What draws me to Hipstamatic is my absolute disdain for choosing filters or using endless slider options found in other camera apps. Hipstamatic allows a dance with another fading memory—film. Choose a lens/film and post brief processing, you get what you get. The next debate to surely ensue with bringing iPhone photographs into a story like this for _National Geographic_ will be that of manipulation".

Time Sensitive






A ghost forest of dead date palms in Yanbu Al-Nakhal, Saudi Arabia. Decades of stress on the water table in this part of Saudi Arabia has caused a massive loss of vegetation.


----------



## JustBonee (Jun 23, 2014)

Unbelievable picture.

..Closer to home,  worry about what is happening in the Arizona Desert these days.
An old article attached.  Things are getting worse ...

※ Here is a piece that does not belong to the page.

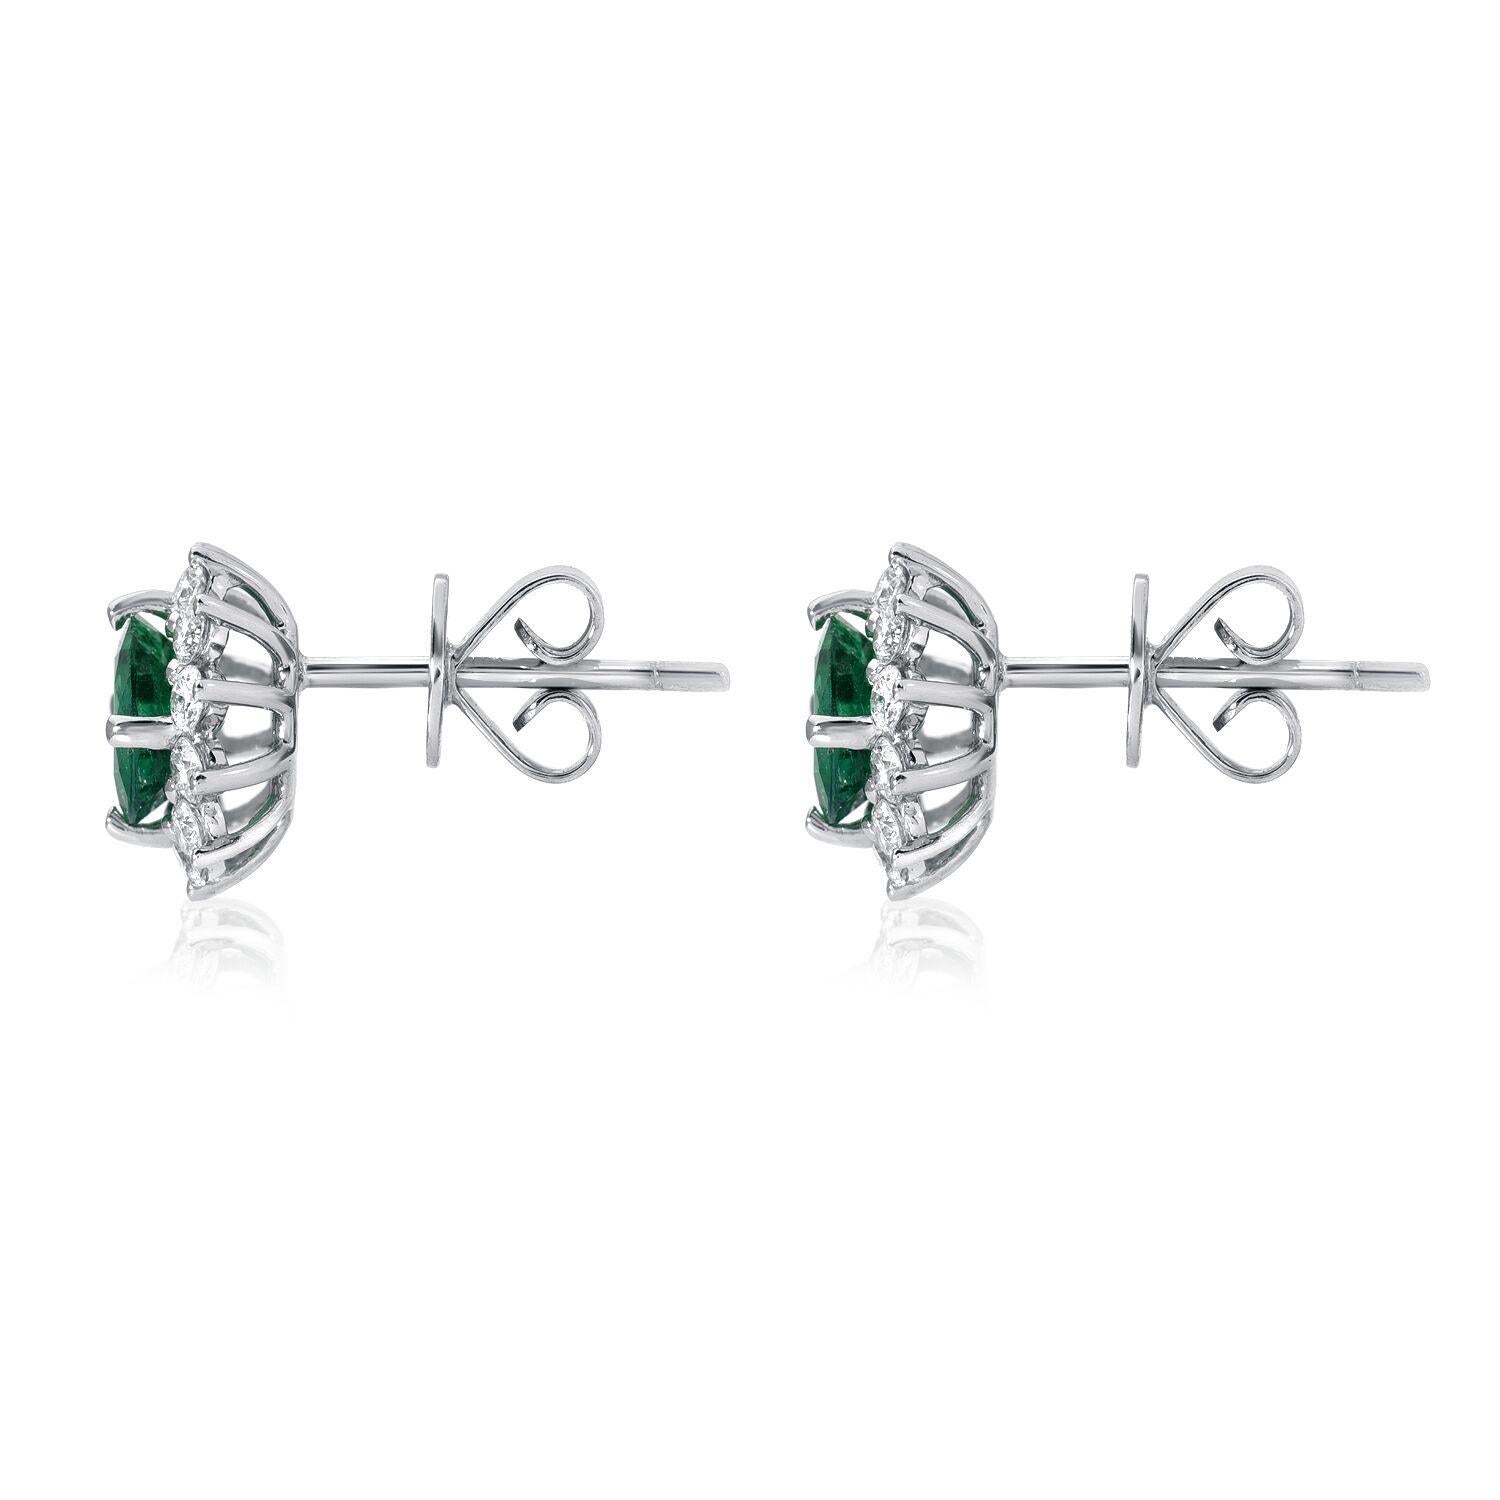 Round Cut Emerald Stud Earrings Rounds 1.29 Carats
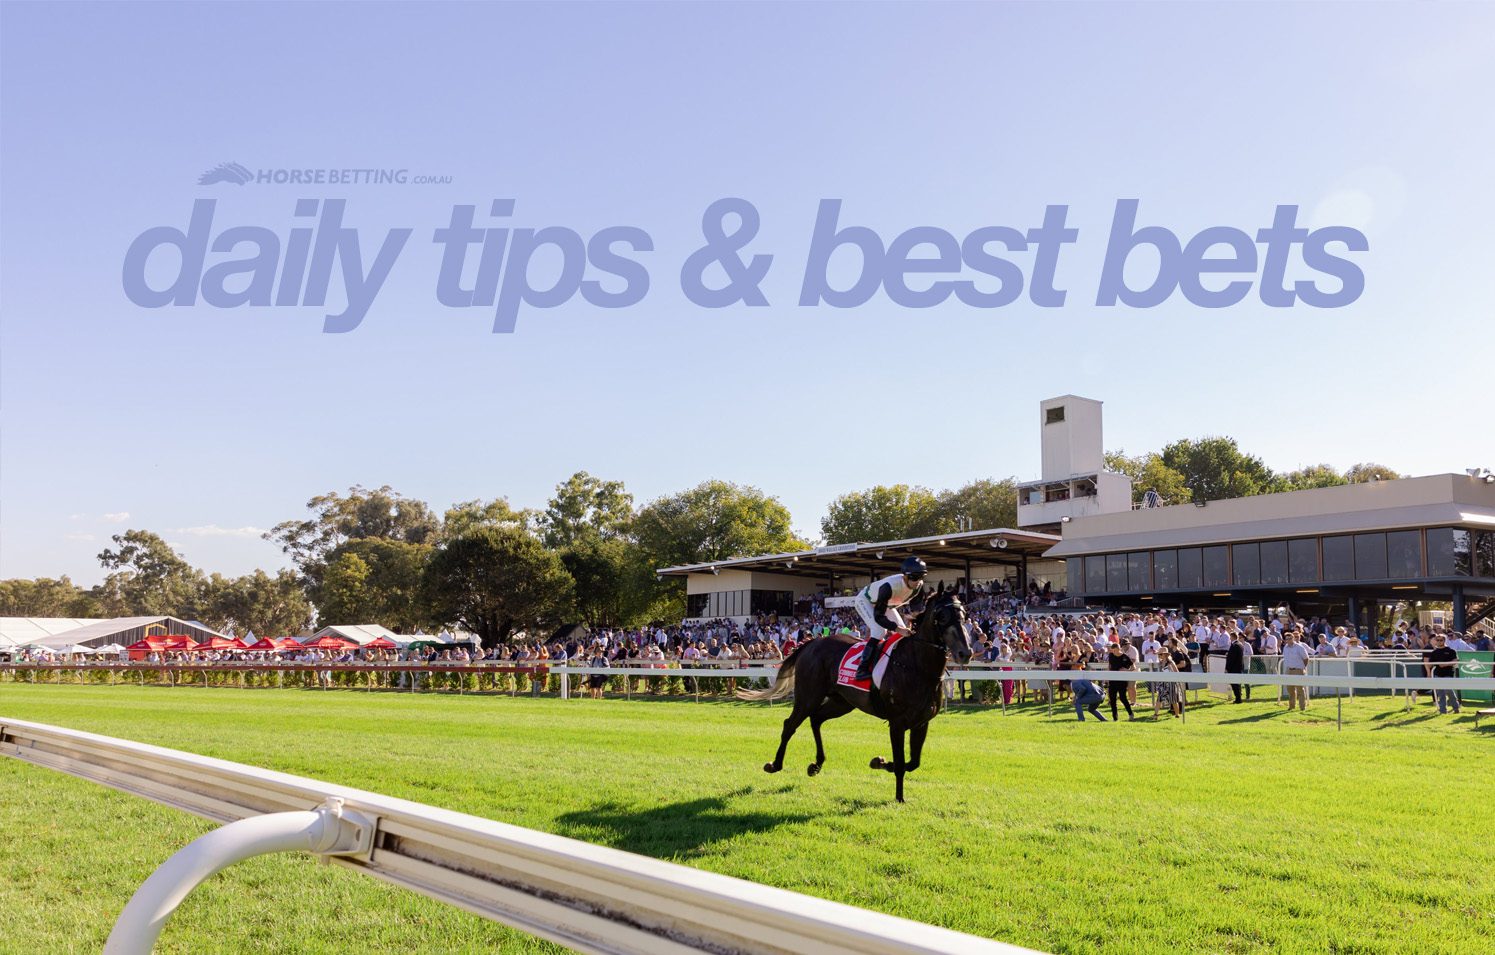 Friday horse racing tips & best bets

http://www.nytimes.com/1991/08/11/us/dying-saguaro-cactuses-are-bewildering-scientists.html


----------



## Meanderer (Jun 24, 2014)

Bonnie said:


> Unbelievable picture.
> 
> ..Closer to home,  worry about what is happening in the Arizona Desert these days.
> An old article attached.  Things are getting worse ...
> ...



That was a shock!   I never knew about that!  The only cacti I run into are in pots and cartoons.


----------



## Meanderer (Jun 29, 2014)

This is a cactus picture I drew with colored chalk on black construction paper with our Grand-daughter last Summer:
http://www.artprojectsforkids.org/2009/08/pastel-cactus-drawing.html

View attachment 8213


----------



## Ina (Jun 29, 2014)

Good work grandpa Meanderer, How old was your granddaughter?


----------



## Meanderer (Jun 29, 2014)

Ina said:


> Good work grandpa Meanderer, How old was your granddaughter?



She was ten years old. She enjoys crafts and has her own table and supplies.


----------



## Ina (Jun 29, 2014)

Great age Meanderer, I got my children, grandchildren, and now I have three great-grandchildren to do art and crafts every time they turned around. None pursued art after they grew up, they think, but all ended up in fields that show an artistic flare. It helps them see different angles and builds their imaginations. Way to go grandpa!


----------



## BlunderWoman (Jun 29, 2014)

I found the article very interesting. The top photo on the article page seemed to me to be from Petra in Jordan and I was surprised to see it was from Saudi Arabia. I've been to Saudi Arabia, just not through the desert. I will try to find an old photo I have from Petra that looks very similar to that one.  The carvings are uniquely Nabatean. I found that very interesting. Thanks for sharing. Here is one old photo I have from Petra, but not the one that looks like the one on the article page.
View attachment 8220

Another thing I learned when in Qatar is that some eat these unripened dates that are yellow. I will post a pic of them. I tried them and they suck up every bit of moisture in your mouth. It was weird. I didn't like that sensation.
View attachment 8221


----------



## BlunderWoman (Jun 29, 2014)

I love the colors she chose. Great picture 




Meanderer said:


> This is a cactus picture I drew with colored chalk on black construction paper with our Grand-daughter last Summer:
> http://www.artprojectsforkids.org/2009/08/pastel-cactus-drawing.html
> 
> View attachment 8213


----------



## BlunderWoman (Jun 29, 2014)

I wonder if any of that links to people riding recreational vehicles out there I wouldn't have a clue, I'm just wondering



Bonnie said:


> Unbelievable picture.
> 
> ..Closer to home,  worry about what is happening in the Arizona Desert these days.
> An old article attached.  Things are getting worse ...
> ...


----------